Gregory Coupet, comment allez-vous depuis samedi soir ?
G.C. : Ca va très très bien. J'ai eu beaucoup de chance d'être pris en charge très rapidement par le docteur Rolland qui, sur le terrain, a remis la cheville. C'est le geste qui fait que je suis bien aujourd'hui. J'ai tout entendu, je n'ai pas été dans le brouillard, sur la civière j'étais bien et on a passé la nuit ensemble avec lui. Depuis que ça s'est passé, je suis sur un rythme effréné et je vais peut-être avoir un petit coup de mou en rentrant. Je sais où je vais et j'ai eu des soutiens de tout le monde. Même de certains de mes amis espagnols et de la Fédération française ! Je suis dans une certaine euphorie.
Vous ne songez donc pas à arrêter votre carrière ?
G.C. : Sur le coup, j'ai pensé que ça se terminait peut-être là, mais non finalement, pas du tout ! J'ai six semaines sans poser le pied par terre et ensuite il y aura la rééducation. Par contre, les images sont choquantes. Quand je les ai revues, je n'avais pas vu que c'était un truc aussi fou. Je n'ai pas ressenti de douleur particulière mais j'ai surtout eu peur quand j'ai vu ma cheville. Là, je suis au taquet. Je sais de quoi je souffre et il n'y a rien de réellement grave.
Craignez-vous que votre successeur Edel ne prenne votre place ?
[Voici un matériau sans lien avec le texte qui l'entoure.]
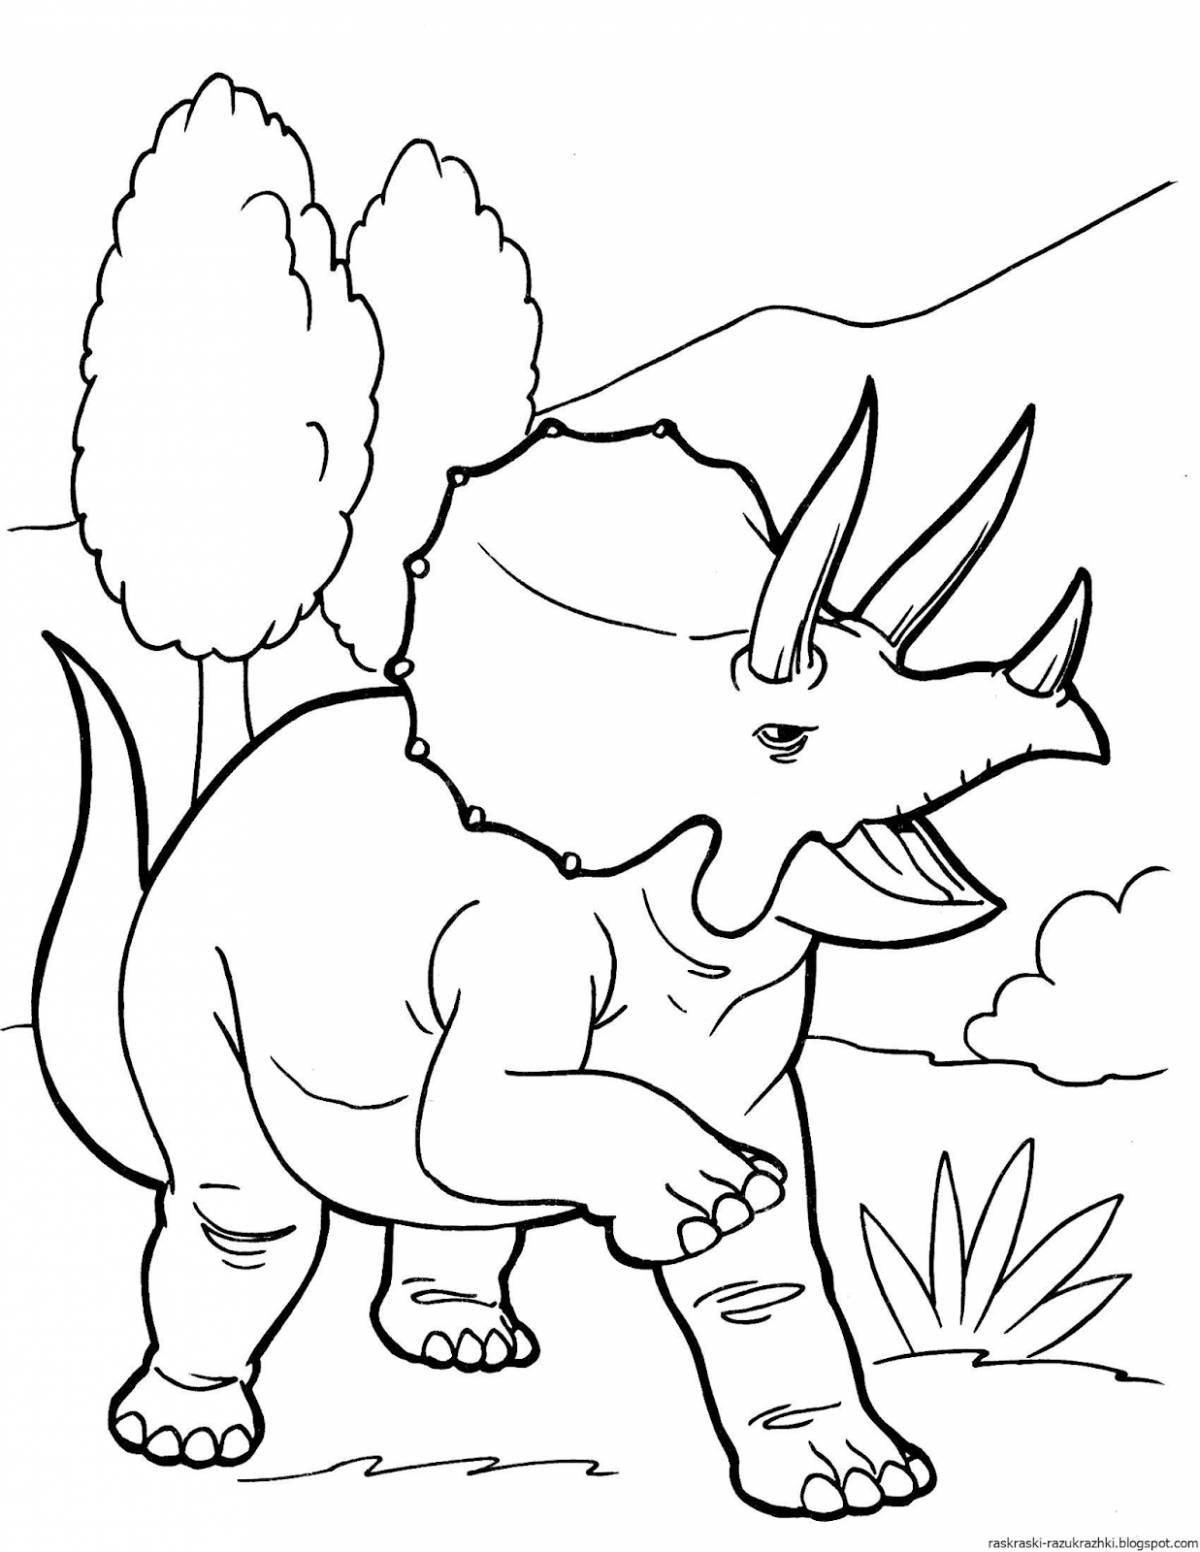 Printable dinosaurs for kids #18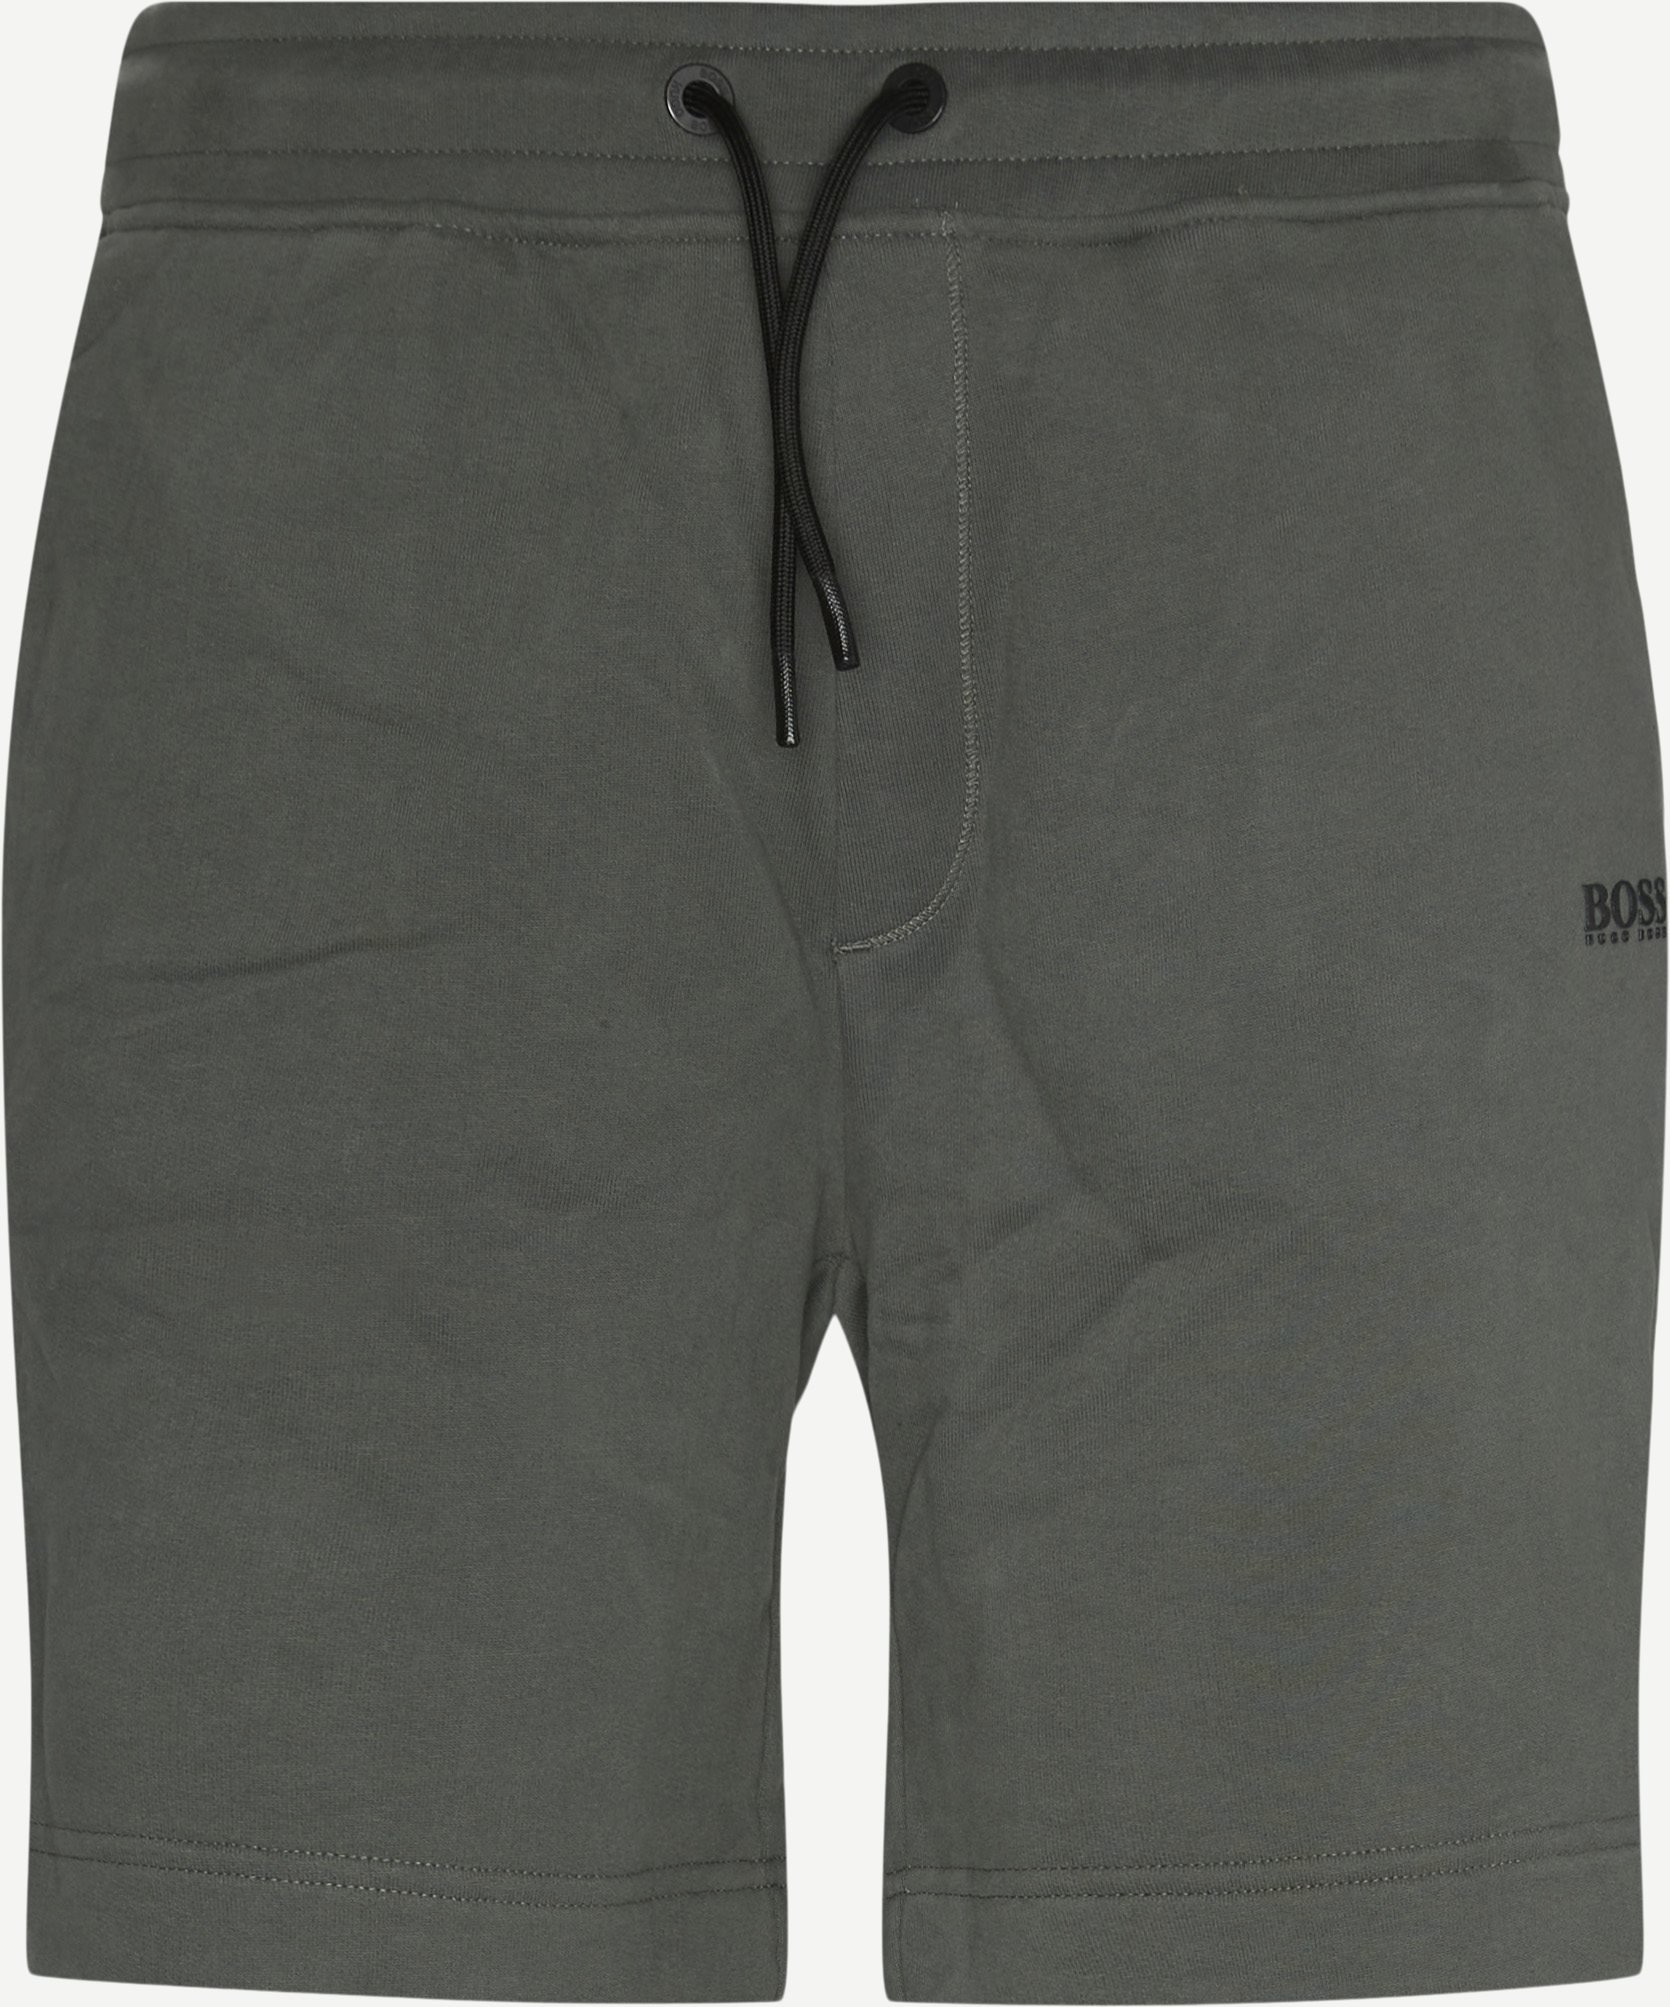 Skeevito Sweatshorts - Shorts - Regular fit - Oliv

G.C. : Mais il doit me prendre ma place ! Le wagon est là, et il doit monter dedans. C'est le jeu, je le lui ai dit. Je lui souhaite de réussir et je ne suis pas inquiet. Le PSG aura une cage bien gardée. C'est un mec très humble, adorable. Après être entré samedi, il a montré son aisance et des capacités au-delà de la moyenne. Avec Nicolas Dehon (l'entraîneur des gardiens), on fait un travail fabuleux et le clan des gardiens a emmagasiné de la confiance. Il a une puissance et une sérénité phénoménales.
Quelle influence votre blessure peut-elle avoir sur l'équipe ?
G.C. : C'était un défi pour moi d'être là aujourd'hui. Je ne voulais pas lâcher les joueurs. Il vaut mieux que ça arrive à moi qu'à un jeune de 20 ans ! J'ai l'expérience de ce genre de blessures. Je vais rester ici pour être en contact avec eux. J'espère que l'équipe ne sera pas déstabilisée mais qu'au contraire cela va plutôt la galvaniser. Il n'y a pas que moi cette saison avec les blessures d'Erding, d'Hoarau et l'affaire Makelele. A force de s'arc-bouter, il va naître quelque chose dans le groupe. C'est peut-être un mal pour un bien.